The following code assumes you are already using ADODB code, and have a connection to the database.

If you do not have the above, please see the attachment in this thread for help.

First, you must add a ListView control to your project.   The ListView control is found in Microsoft Windows Common Controls 6.0 (SPx) (where x = your VB service pack number).    To add these controls, click Project/Components from the VB IDE.   Locate the above mentioned controls and check the cooresponding checkbox and click OK.

Add a ListView control to your form, and draw it out to the desired dimensions.

Next, right click on the ListView and click Properties.

The ListView control has 4 different "View" possibilities:
1. lvwIcon
2. lvwSmallIcon
3. lvwList
4. lvwReport

This example will be using lvwReport. Change the view to reflect this.

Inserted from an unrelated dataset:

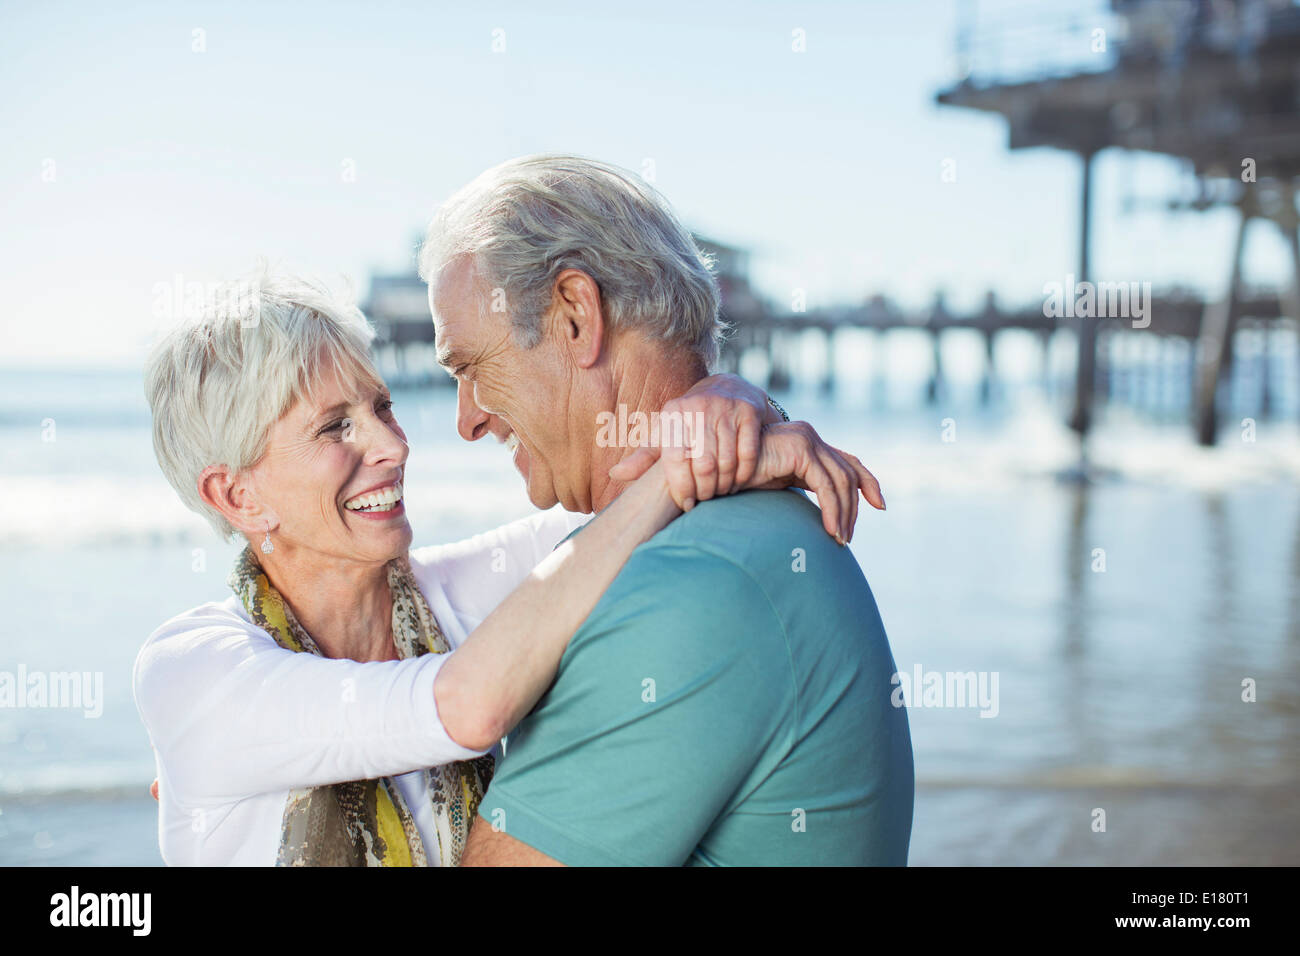 Las parejas ancianas abrazos en la playa Foto de stock
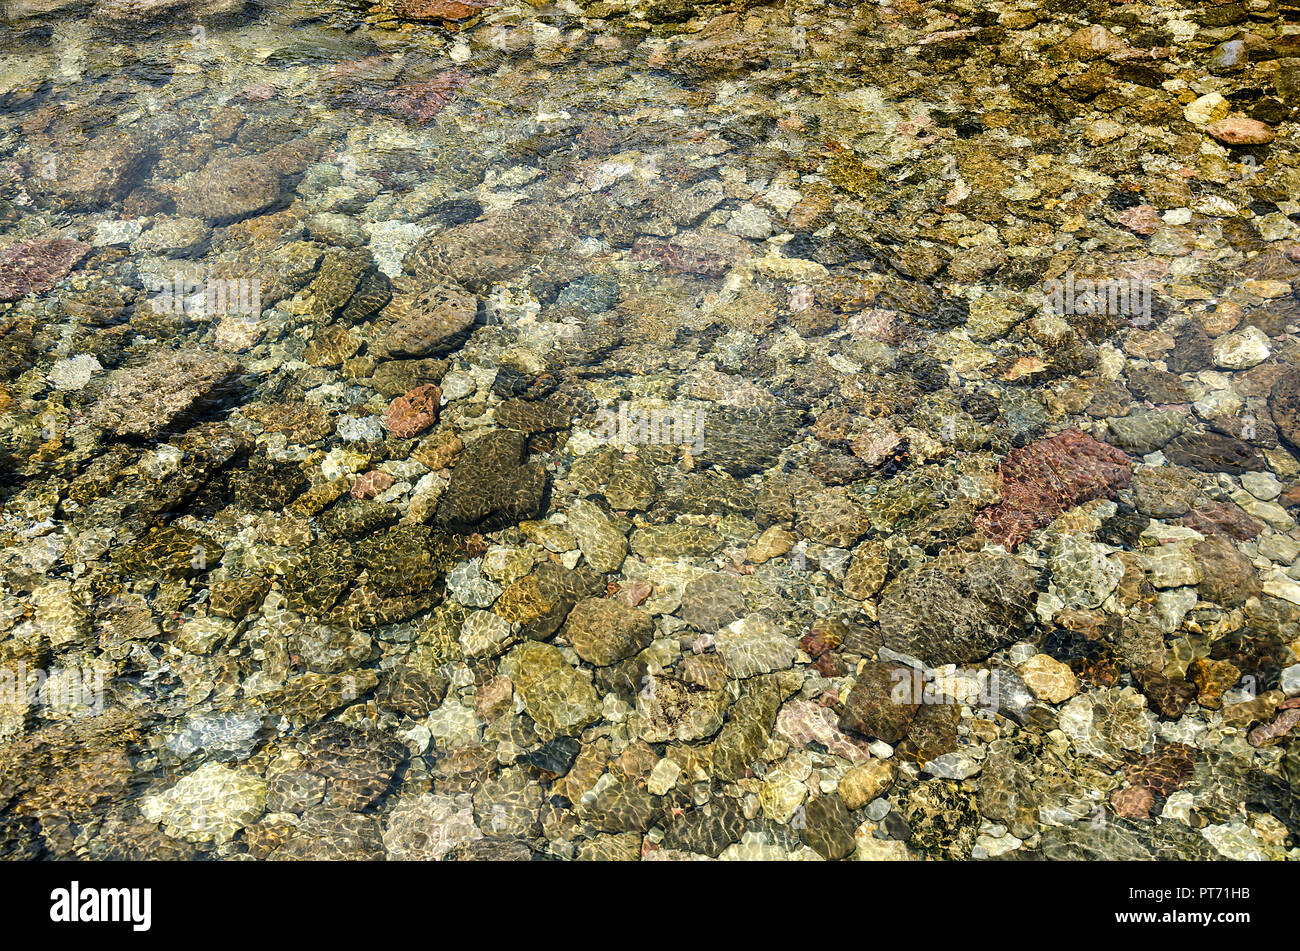 Bunte kleine einzigartige Kieselsteine in kalten klaren Fluss Wasser. Sonne machen unterschiedliche Reflexion. Smoоth und gerippten Kieselsteinen. Kleine Steine. Stockfoto

Next, click on the ColumnHeaders tab.

This example will be creating a recordset of employee information containing:
First Name, Last Name, Date Of Birth, Employee Number and Date Of Hire

Create column headers with these titles.

The database fields we will be using are:
FName, LName, DOB, EmpNumb, DOH and the name of the table is tblEmployeeInfo 

The database fields we will be using are:

FName, LName, DOB, EmpNumb, DOH and the name of the table is tblEmployeeInfo
vb Code:
Dim strSQL As String 'our query string
Dim oRS as ADODB.Recordset 'our recordset object
Dim lvwItem As ListItem 'this is necessary to directly reference the ListView control
Set oRS = New ADODB.Recordset
 'change this SQL as appropriate for your needs
strSQL = "SELECT FName, LName, DOB, EmpNumb, DOH FROM tblemployeeinfo "
'change oConn to reflect the Connection object you are using in your program
oRs.Open strSQL, oConn, adOpenForwardOnly, adLockReadOnly
 'load the listview
Do While Not oRS.EOF
   Set lvwItem = ListView1.ListItems.Add(, , oRS.Fields.Item("FName").Value)
   lvwItem.SubItems(1) = oRS.Fields.Item("LName").Value
   'change the date format as required
   lvwItem.SubItems(2) = Format(oRS.Fields.Item("DOB").Value, "mm/dd/yyyy")
   lvwItem.SubItems(3) = oRS.Fields.Item("EmpNumb").Value
   'change the date format as required
   lvwItem.SubItems(4) = Format(oRS.Fields.Item("DOH").Value, "mm/dd/yyyy")
   oRS.MoveNext
Loop
oRS.Close
Set oRS = Nothing

----------